Yang Amat Berbahagia Tun Mohamed Dzaiddin Hj Abdullah, Chairman of Bursa Malaysia 
Members of the Board of Bursa Malaysia  
Distinguished Guests, 
Ladies & Gentlemen 
Good morning 


  1. Let me start by sharing with you what economist John Kenneth Galbraith wrote in 1961 – almost 5 decades ago: According to him, three traits of any financial community that would put the community at risk of fraud are: First, to confuse good manners and good tailoring with integrity and intelligence; Second, the sometimes disastrous inter-dependence between honest man and crooks; and Third, the dangerous cliche that everything in the financial world depends on confidence. According to him one could better argue the importance of unremitting suspicion. 

Ladies and Gentlemen, 
  1. The past two years have been a challenging time for the global financial markets. While Malaysia fared relatively well during the crisis, we have lessons learned from our own shortcomings, and from the experiences of other markets. Indeed, there is much discussion today on cross-border integration of financial markets, on global risk contagion and on the need for supervisory cooperation and communication. But we also need to be concerned, very concerned indeed, about our own backyard – about strengthening the integrity of our market systems to make them more robust and efficient. And corporate governance is a fundamental element of this strengthening process. 
  2. Good corporate governance is ultimately about performance and accountability both to shareholders and stakeholders such as employees and creditors. This relates to the effective functioning of the board – how it draws on different skill-sets amongst directors, how it sets strategies, and how it interacts with senior management to build knowledge and make decisions in the best interest of the company and the shareholders as a whole. Good corporate governance is key to the integrity of corporations, financial institutions and markets, and central to the health of our economy and its stability. 

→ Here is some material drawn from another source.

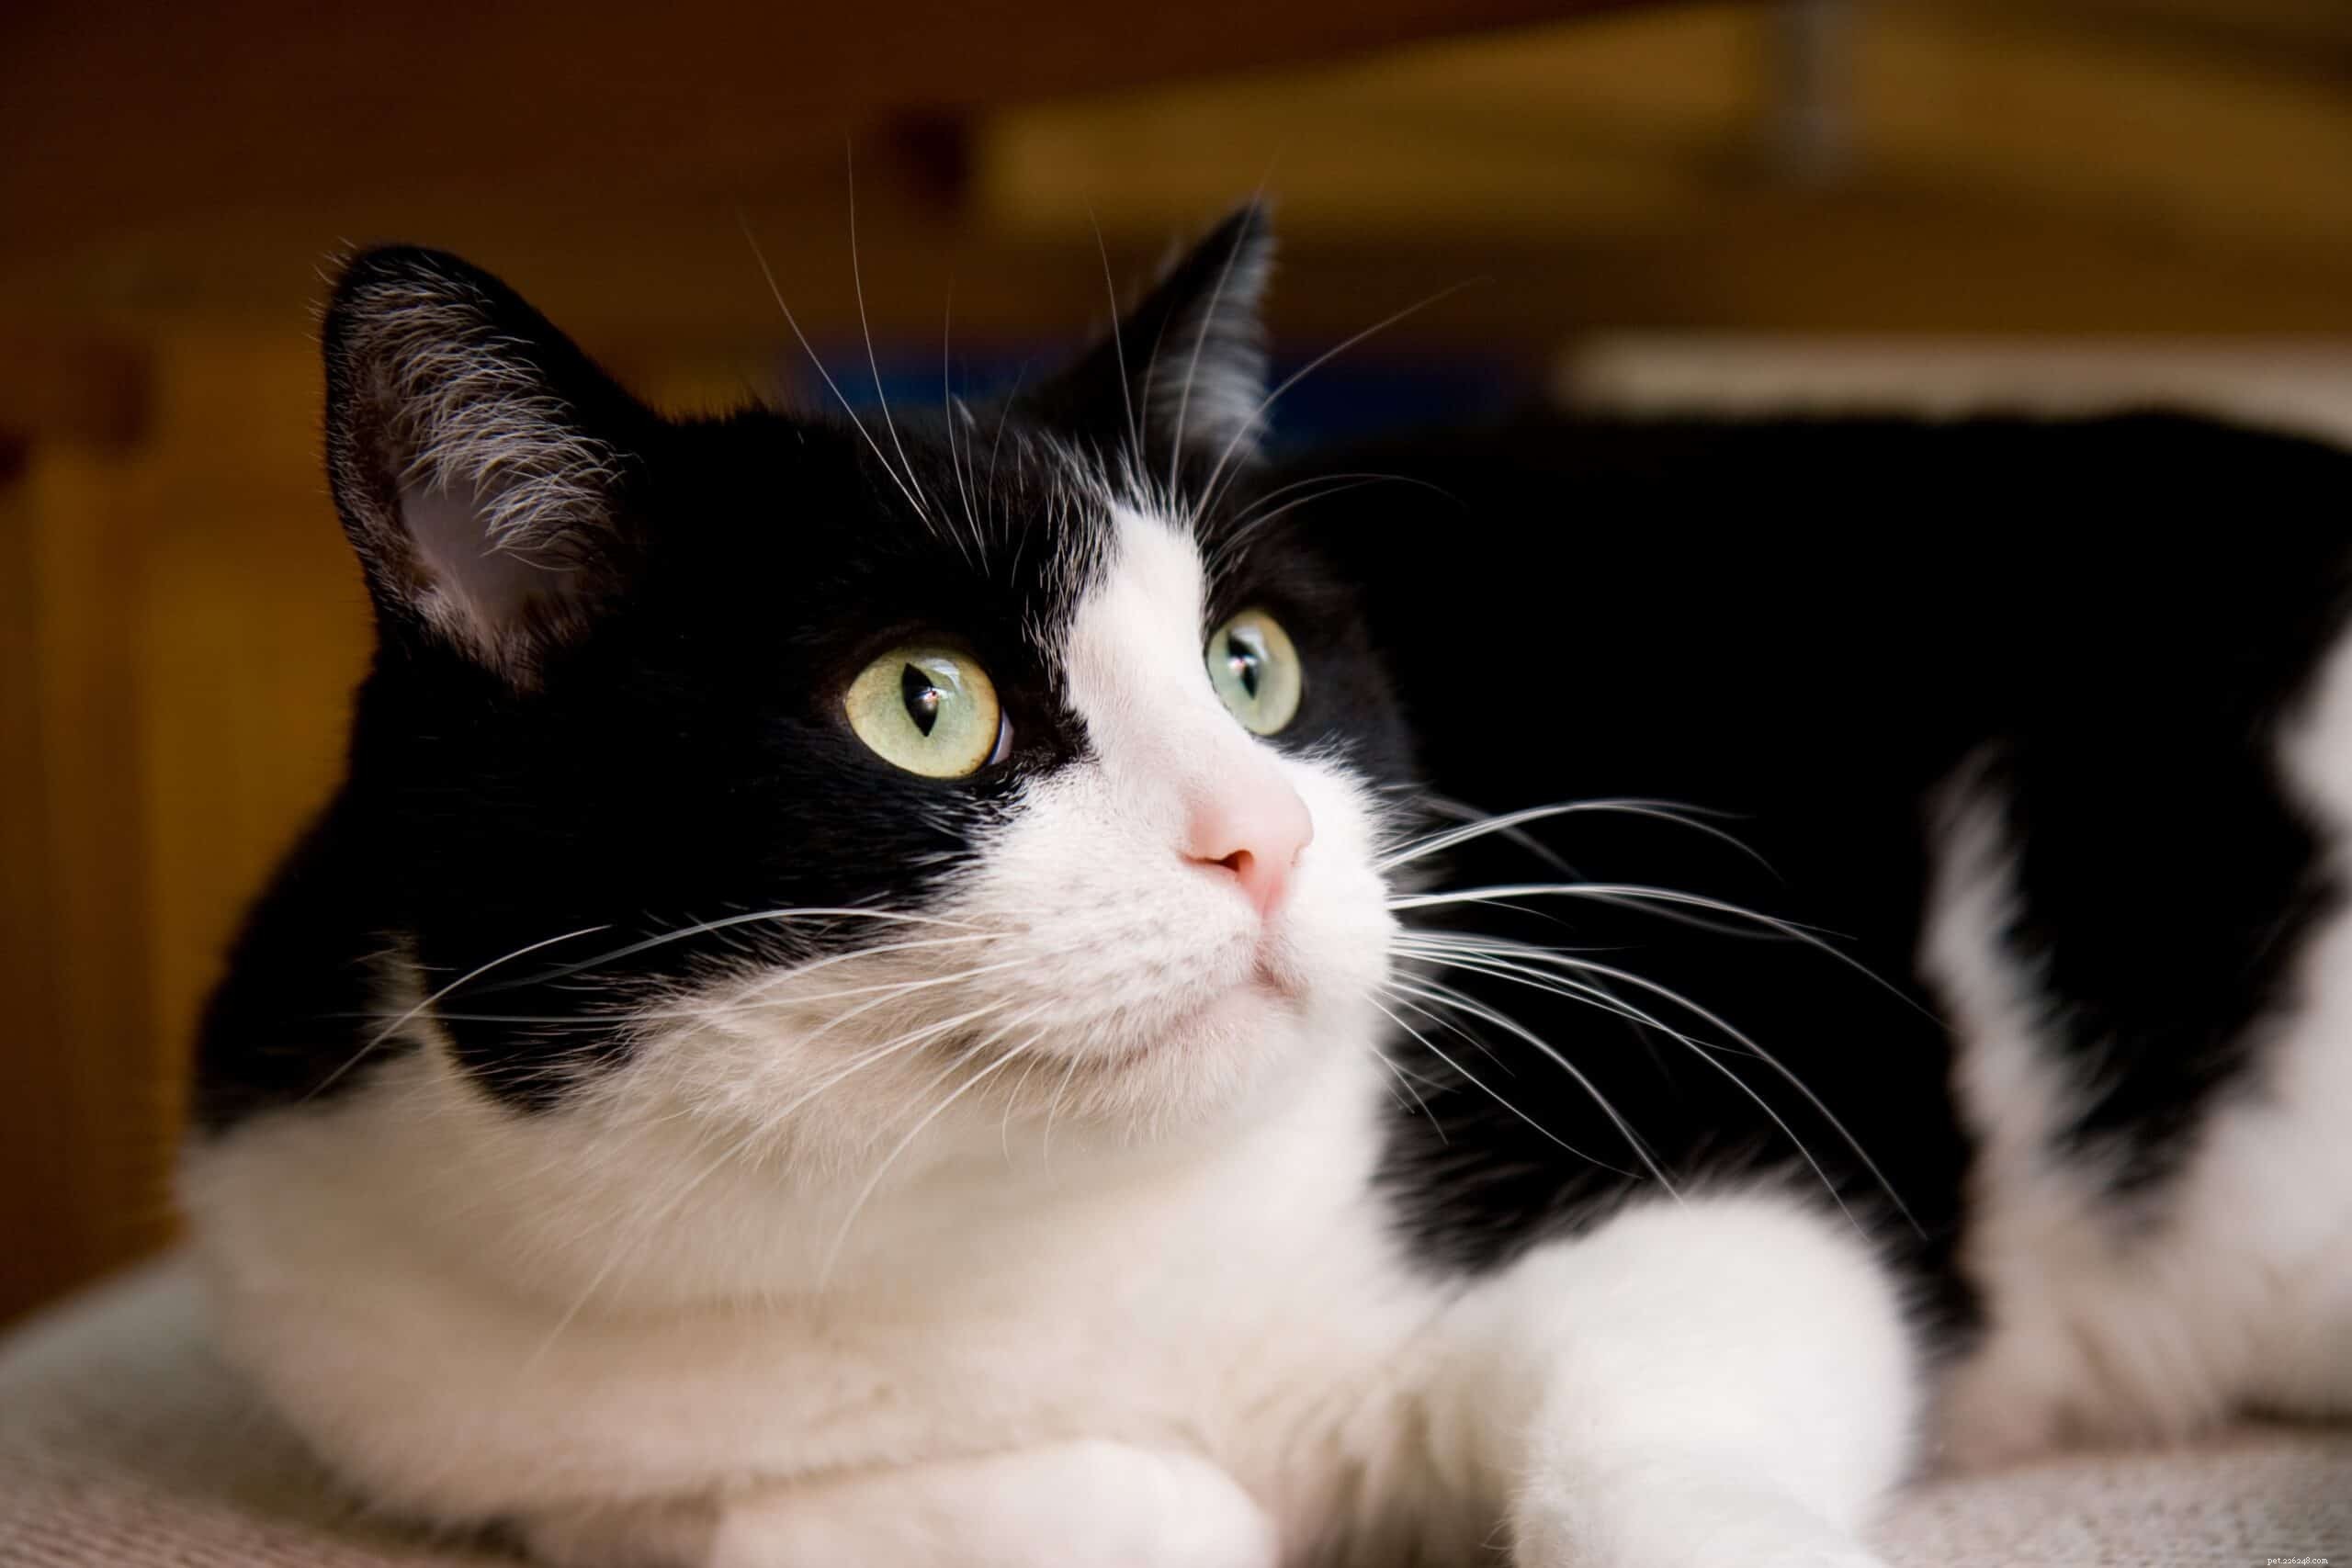 Waarom zijn katten bang voor harde geluiden?

  3. Today’s business environment is influenced by volatile economic conditions, by intense competition and by greater scrutiny on conduct and performance, all of which impose enhanced responsibilities on the board. It is critical therefore that directors have a comprehensive understanding of their role and possess the necessary skills and competence to discharge their responsibilities effectively. They need to be actively involved in the strategic decision making process of the company and ensure compliance with good corporate governance principles. Suspicion and scepticism must not be subservient to greed and gullibility. 
  4. Poor corporate governance is typically characterised by ineffective boards, weak internal controls and poor risk management, unreliable financial reporting, lack of adequate disclosures and poor audits. 

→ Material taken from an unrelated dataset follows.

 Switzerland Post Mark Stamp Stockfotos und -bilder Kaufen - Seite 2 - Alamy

  5. Unfortunately this is all too often the case – from directors who singularly advance money without the approval of the board, executives and principal officers who deliberately conceal vital information even to the extent of destroying documents and falsely reporting their loss, and those who furnish false and misleading information to conceal wrongful losses, to directors that flee or disappear when about to be questioned by the authorities, and those who resign at the first sign of trouble to go for holidays in faraway lands on a one-way ticket! 
  6. In every company where there is abuse, the traits are all the same – abuses of power, breach of ethics, undermining of internal controls, deception and fraud. From cooking the books to creating fictitious customers in some remote parts of the globe, stealing corporate assets, to excessive pay and perks. In each case, checks and balances failed, and people tried to get away with gains made at someone else’s expense. The absence of intuitive repulsion by some directors with regard to these abuses is cause for immense concern and one that unfortunately, cannot be rectified by regulatory diktat. 

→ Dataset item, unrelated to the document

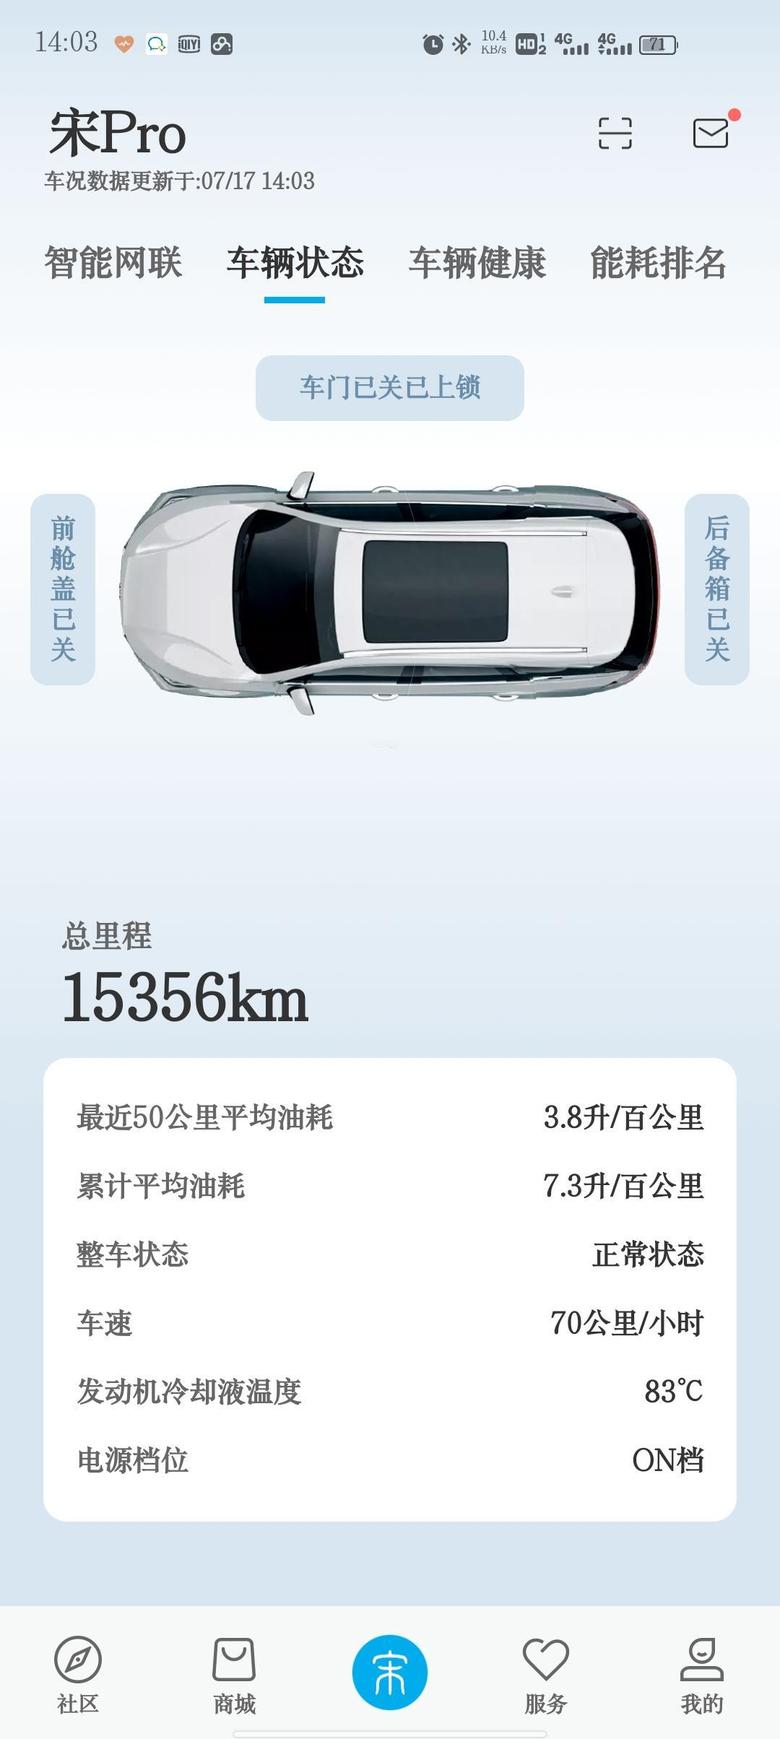 宋pro购车一年，京津冀的跑一跑，通勤每天12公里（上下班）。1.5w平均油耗7.3，最近50公里跑隧道限速七十，还跑出了3.8的成绩。毕竟这么大车，反正我是挺满意的了

  7. These abuses occur because boards, senior executives and principal officers forget the basic fundamentals like – manage the company not the share price, balance short-term returns with long-term investment, real profit, real cash flow and real balance sheets do matter, trust, integrity and responsibility are the cornerstone of any reputable and sustainable business. 
  8. In today’s environment, it is not enough for a board to give tacit approval to management in setting the risk profile of the company; boards need to engage management, ask questions, demand answers, and not sign off until they are satisfied. To be able to do this, directors need to be business savvy and risk literate. In order to fully understand the risks, directors need to have a deep understanding of the products and the business; not only how to make money today, but also how they can lose it. 

Ladies and Gentleman,
  1. The Organisation for Economic Cooperation and Development (OECD) is reviewing its CG principles and engaging regulators worldwide in developing the way forward. The OECD Committee recently concluded that the most important corporate governance failures were mostly due to implementation gap of existing rules and standards. This happens when directors, senior management and principal officers fail to understand and manage risks adequately and tolerate perverse practices because of greed, ignorance or neglect. In other words it is not the foundations of corporate governance nor our standards that needs scrutiny, but rather the people who are put in charge. Boards simply must ensure that they and the companies they oversee abide by best practices. 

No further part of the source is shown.